Добавить в цитаты Настройки чтения

Страница 2 из 13

Как отмечает Анни Кригель, автор книги «Французские коммунисты», трудно найти другую группу, представители которой были бы больше озадачены самой идеей равенства полов, чем эти самые коммунисты. Еще в 1970-е годы партийные ряды на 70 % состояли из мужчин, а женщины оказывали на партийные решения лишь «незначительное влияние»[2]. Более того, говорившееся на партийных собраниях о женщинах и семейной жизни куда больше приличествовало бы собранию католических священников в период до Второго Ватиканского собора. В своей работе Кригель подчеркивает, что французские коммунисты сочетали экономический радикализм с глубоко консервативными социальными установками. Но уже в 1990-е годы тот же автор в своих журналистских публикациях начала нападать на коммунистов и их социалистических союзников за попытки радикализировать французское общество[3]. Теперь речь шла не о косной культуре, с которой ассоциировался французский марксизм, а о его превращении в радикализирующую культурную силу, находящуюся в союзе с государственной властью.

В дело вмешались обстоятельства, изменившие самый смысл марксизма. Европейские коммунистические партии уже не были массовыми избирательными блоками рабочего класса, которые контролировали до трети голосов на общенациональных выборах, как бывало во Франции и Италии после Второй мировой войны. В 1990-е годы произошло масштабное падение численности европейских профсоюзов, что и проанализировано в подробном исследовании, опубликованном в Le Monde Diplomatique.
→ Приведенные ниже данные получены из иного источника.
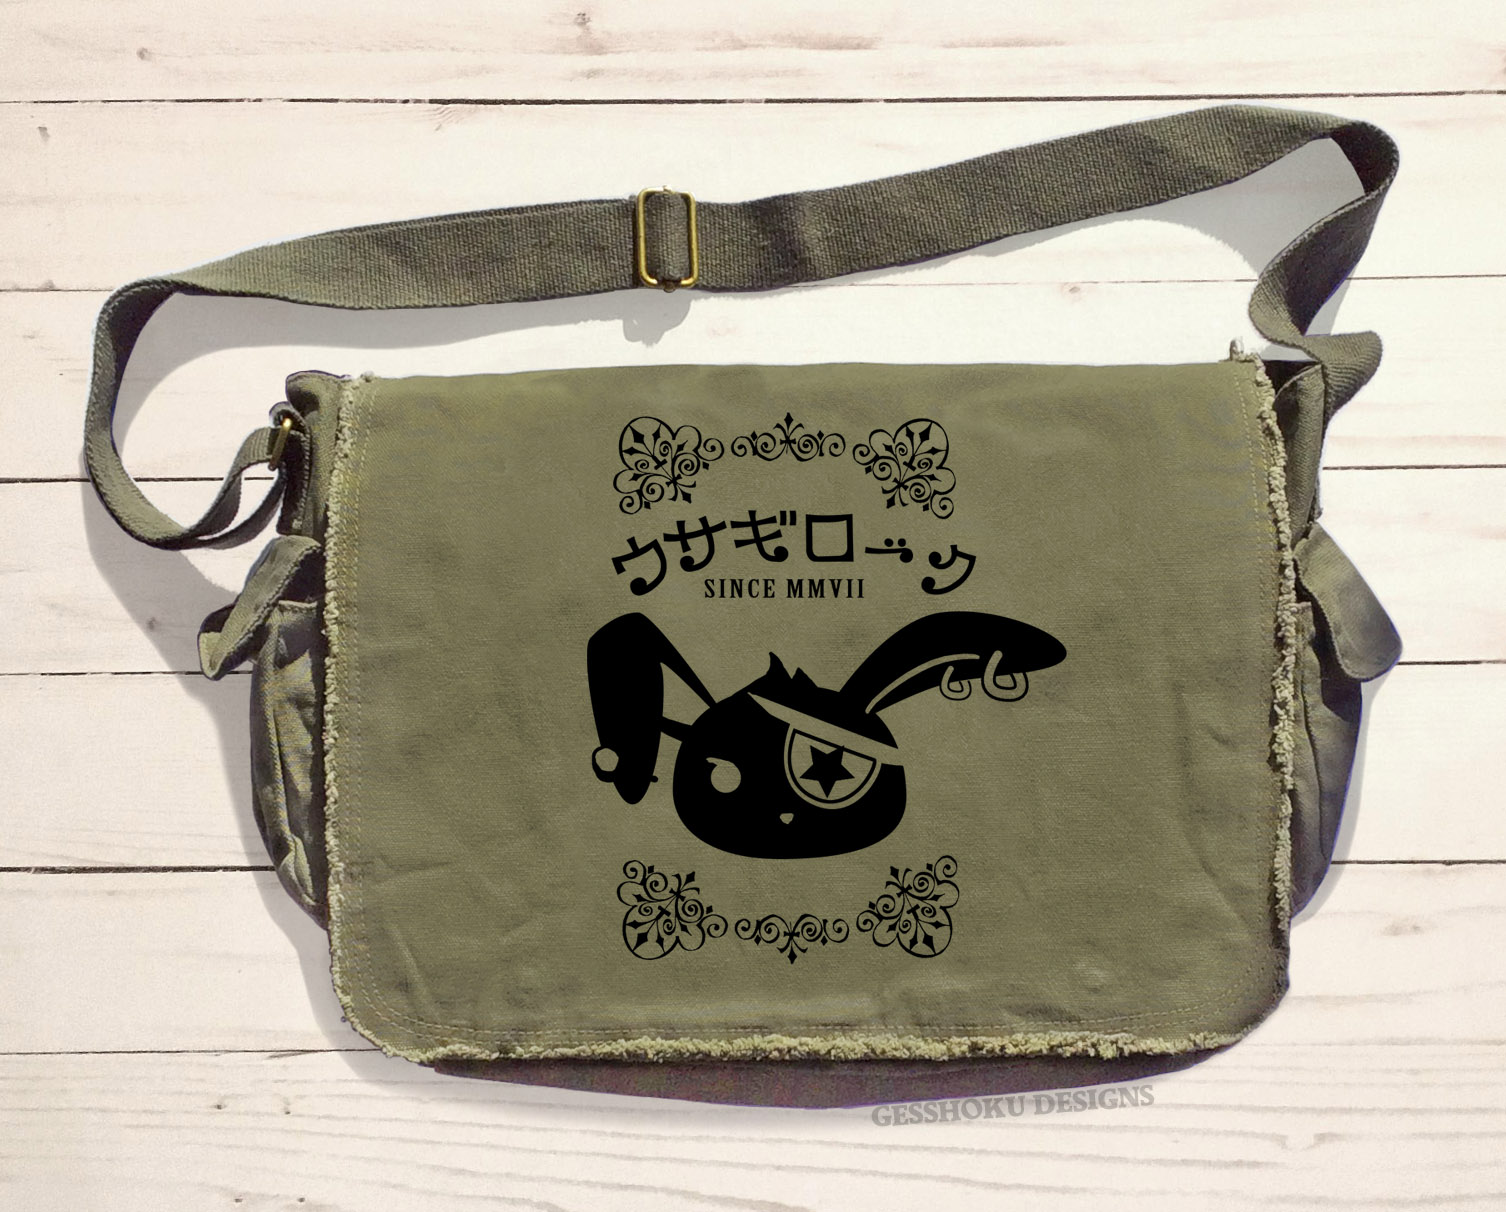 Usagi Rock Jrock Bunny Messenger Bag - Khaki Green

Автор исследования Пьер Бурдье выражает беспокойство, что еще немного, и организованные рабочие превратятся в столь незначительную силу, что не смогут оказывать никакого влияния на позиции французского правительства. В сфере экономики политические различия между правыми и левыми свелись к мелким деталям. Правые принимают государство благосостояния и даже расширяют его, а левые отказались от планов государственного контроля над отраслями экономики. Место левацких призывов к обострению классовой борьбы заняли разговоры о «третьем пути» между капитализмом и социализмом, а тем временем левоцентристские правительства в Германии, Англии и Франции заняты не только перераспределением доходов, но и урезанием бюджетных расходов[4]. А самое главное, некогда мощная коммунистическая избирательная машина теперь получает на выборах лишь 5–8 %. Это позволяет компартиям в Италии и во Франции входить в левоцентристские коалиции, а в Германии – предлагать себя в качестве альтернативы «зеленым» в партнеры социал-демократам. Первый раунд французских президентских выборов завершился 21 апреля 2003 года разгромом коммунистической партии. Если Жан-Мари Ле Пен, кандидат правых популистов, пришел к финишу вторым, то Робер Ю, кандидат коммунистов и руководитель компартии, набрал всего 3 % голосов и оказался на пятом месте. Поскольку компартия не сумела преодолеть пятипроцентный барьер, что позволило бы ей не возвращать государству ассигнованные на выборы восемь миллионов евро, для погашения долгов коммунистам пришлось выставить на продажу свою штаб-квартиру[5].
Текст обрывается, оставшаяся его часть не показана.